From this skeleton, I work to create polished prose. An abstract is a marketing tool, so I aim to tell a compelling story that will make people want to attend my talk. I try to keep my language simple, easy to understand and persuasive.

Usually I only know the format that I want to adopt once I have completed the abstract. The available formats will differ between conferences, but may include a short or long presentation, half or full day tutorials, or hands on workshops. Consider how much you want to communicate to your audience, and which format the material is best suited to. Most new presenters will stick to a familiar method of delivery and choose to present from a set of slides.
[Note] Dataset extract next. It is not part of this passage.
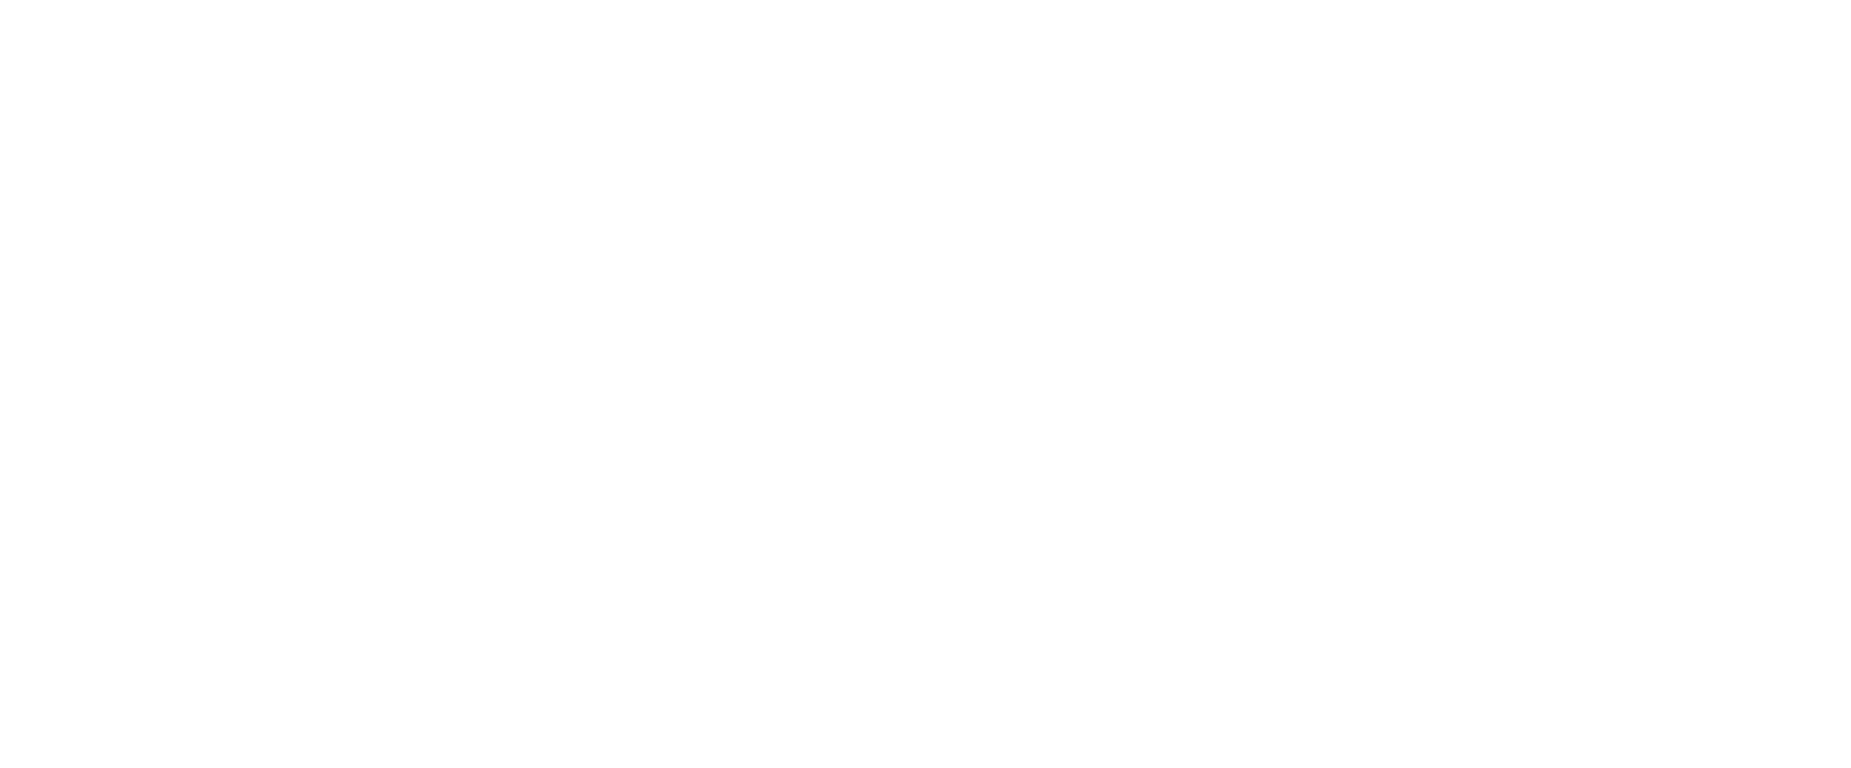 CS2 Logo
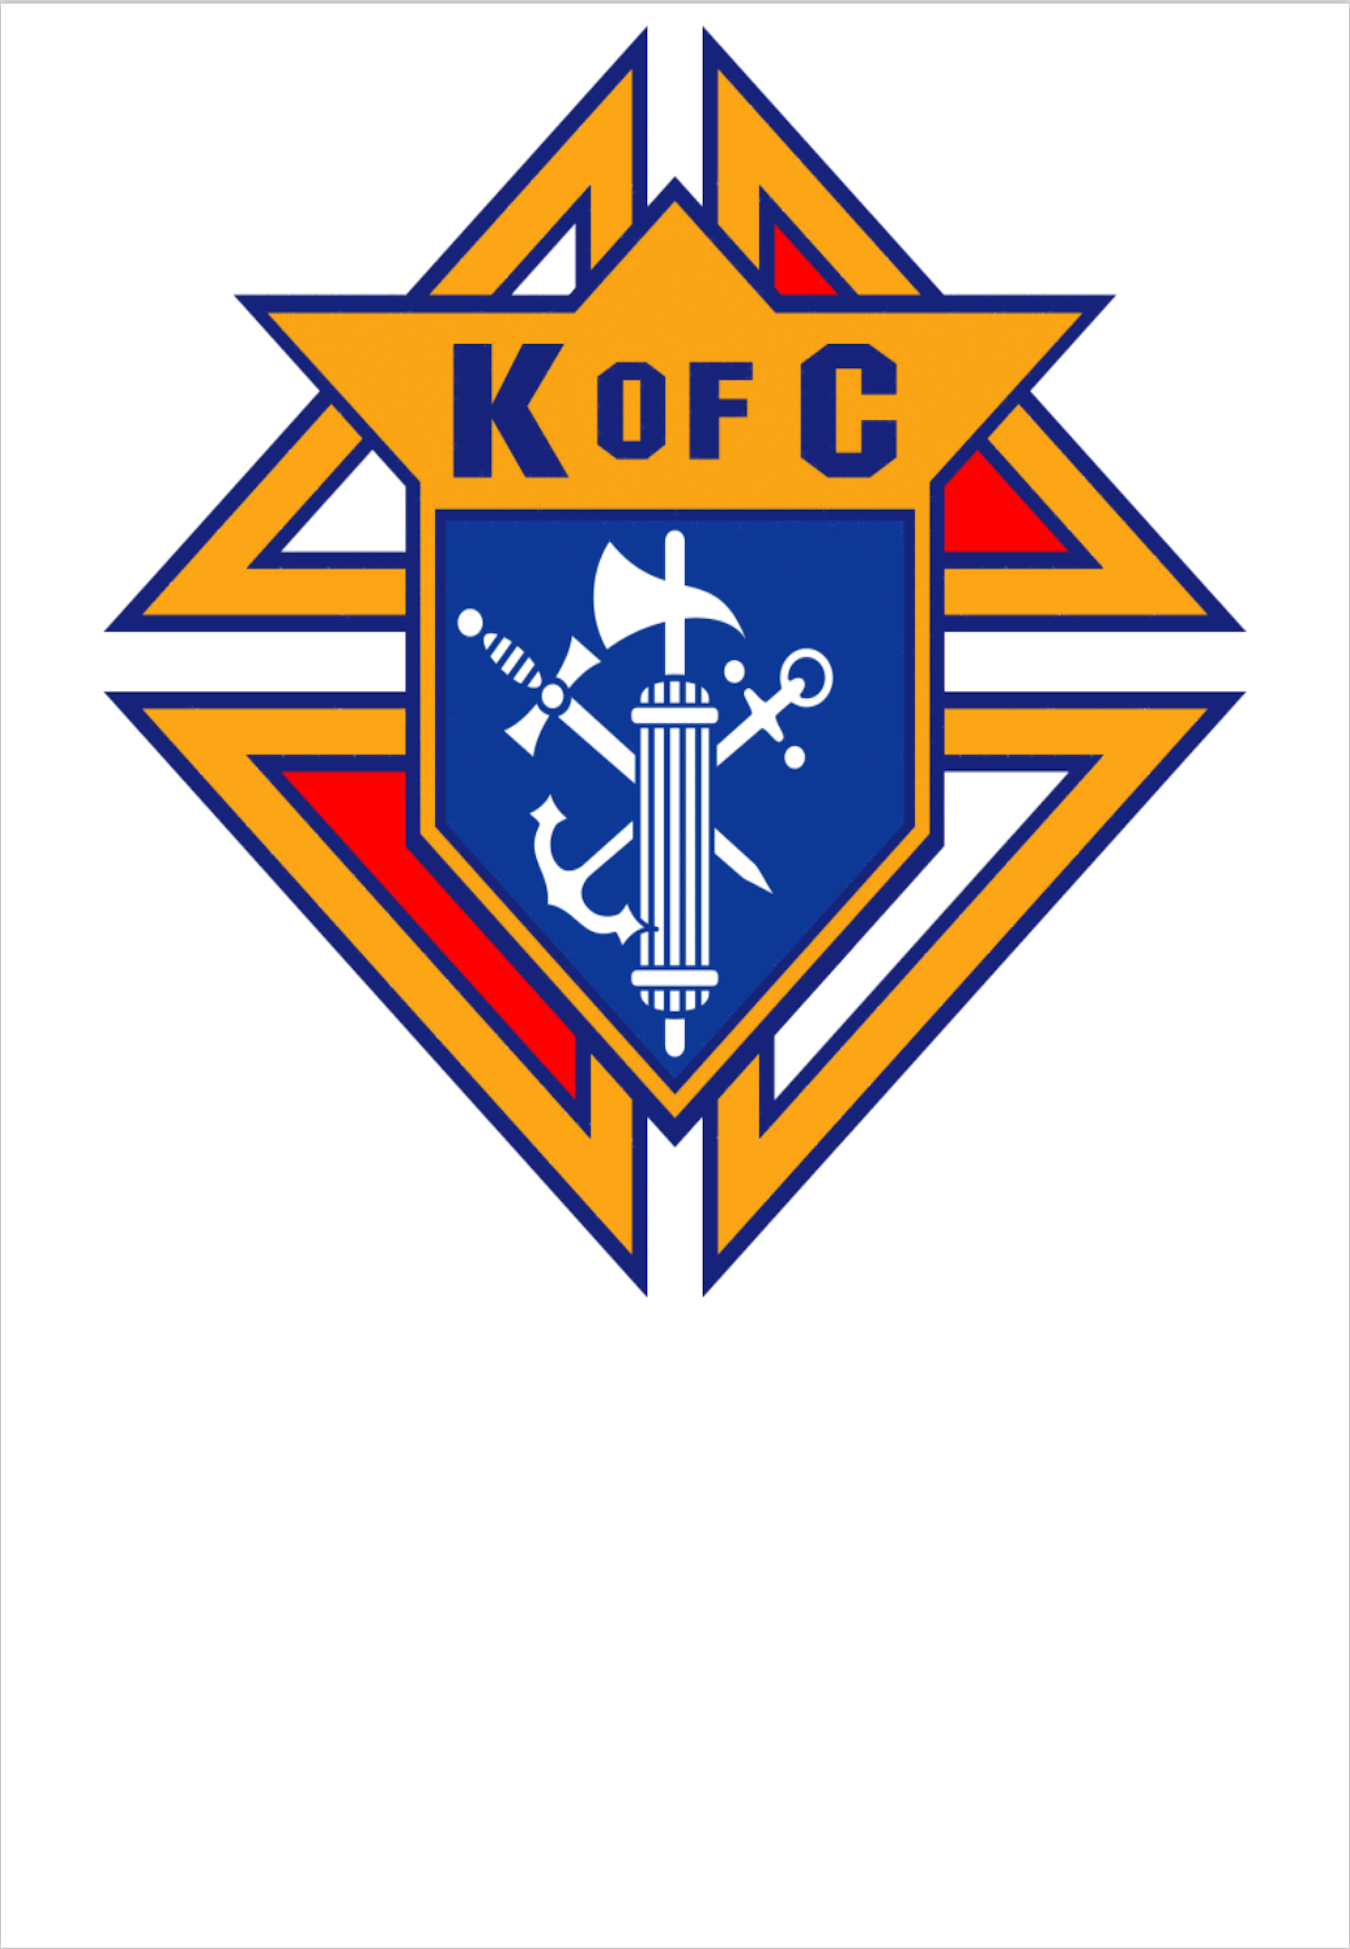 KofC Logo - Council History

Next I consider the learning objectives, which may also be described as the learning outcomes or key takeaways. This is generally the point where I determine whether a proposal has merit for submission. It's important to determine format before you tackle the learning objectives, as what you want attendees to take from the session will really depend on the time and resources available to you. I've written about Presentation Purpose previously.

When writing learning objectives, I like to aim for five succinct bullet points that explain what I feel people may learn from my session, where each begins with a different descriptive word. Bloom’s Taxonomy is a really helpful reference for giving me the correct language to express where I imagine people will find value.

Once my idea is defined with an abstract, format and learning objectives, then I attempt to label it with a title. This is my least favourite part about writing a proposal; I find it quite difficult to summarise my message into a catchy one-liner.

In my experience a one hour time boxed session is enough time to determine whether I have an idea with merit and draft a proposal that describes it to others. Remember that a minimum output is two paragraphs and five bullet points, which is not much at all!

Before submitting a proposal to organisers, I seek feedback from my peers. I am lucky to be part of a strong community of testers in Wellington who are happy to complete proposal reviews. If you can’t think of someone to ask to review your proposal, there are people with an interest in improving gender diversity in technology that will be willing to assist you:

Proposal feedback will usually include phrasing, spelling and grammar; it’s amazing how many errors slip through the gap between what you meant and what you actually said. The reviewer should also highlight any areas of the proposal that are unclear. If your reviewer needs to ask a lot of questions to understand your proposal, then attempt to include your answers to their questions in the proposal itself. This will make it much clearer when you submit to the organisers.

Updating the proposal after feedback and submitting it can take as long as writing the proposal itself. Some conferences request a proposal via email while others enforce a standard submission format through an online form. Altogether, I try not to spend more than two hours pulling a proposal together.

You may be wondering, is this worth it if I don’t get accepted to a conference?

Even though my proposals are not always selected, I find the process of writing them to be valuable. A call for proposals is a worthy excuse to spend a relatively short amount of time reflecting on my work and considering which experiences and ideas I could share with others. Though I find it challenging to articulate what I want to present, writing a proposal prepares me for a number of other conversations. Having thought about how to frame my work to others, I can eloquently explain myself in meetings with senior stakeholders, client managers, and my own boss.

A Call for Proposals is an opportunity to have your voice heard by speaking at a conference. It is also a platform through which you can find your voice by practicing writing proposals. The review process may also help you create new connections with testers in the wider community, or strengthen relationships in your existing networks.

I believe the benefits of responding to a call for proposals far outweigh the investment. I hope that many of you will consider responding to the next call for proposals that interests you.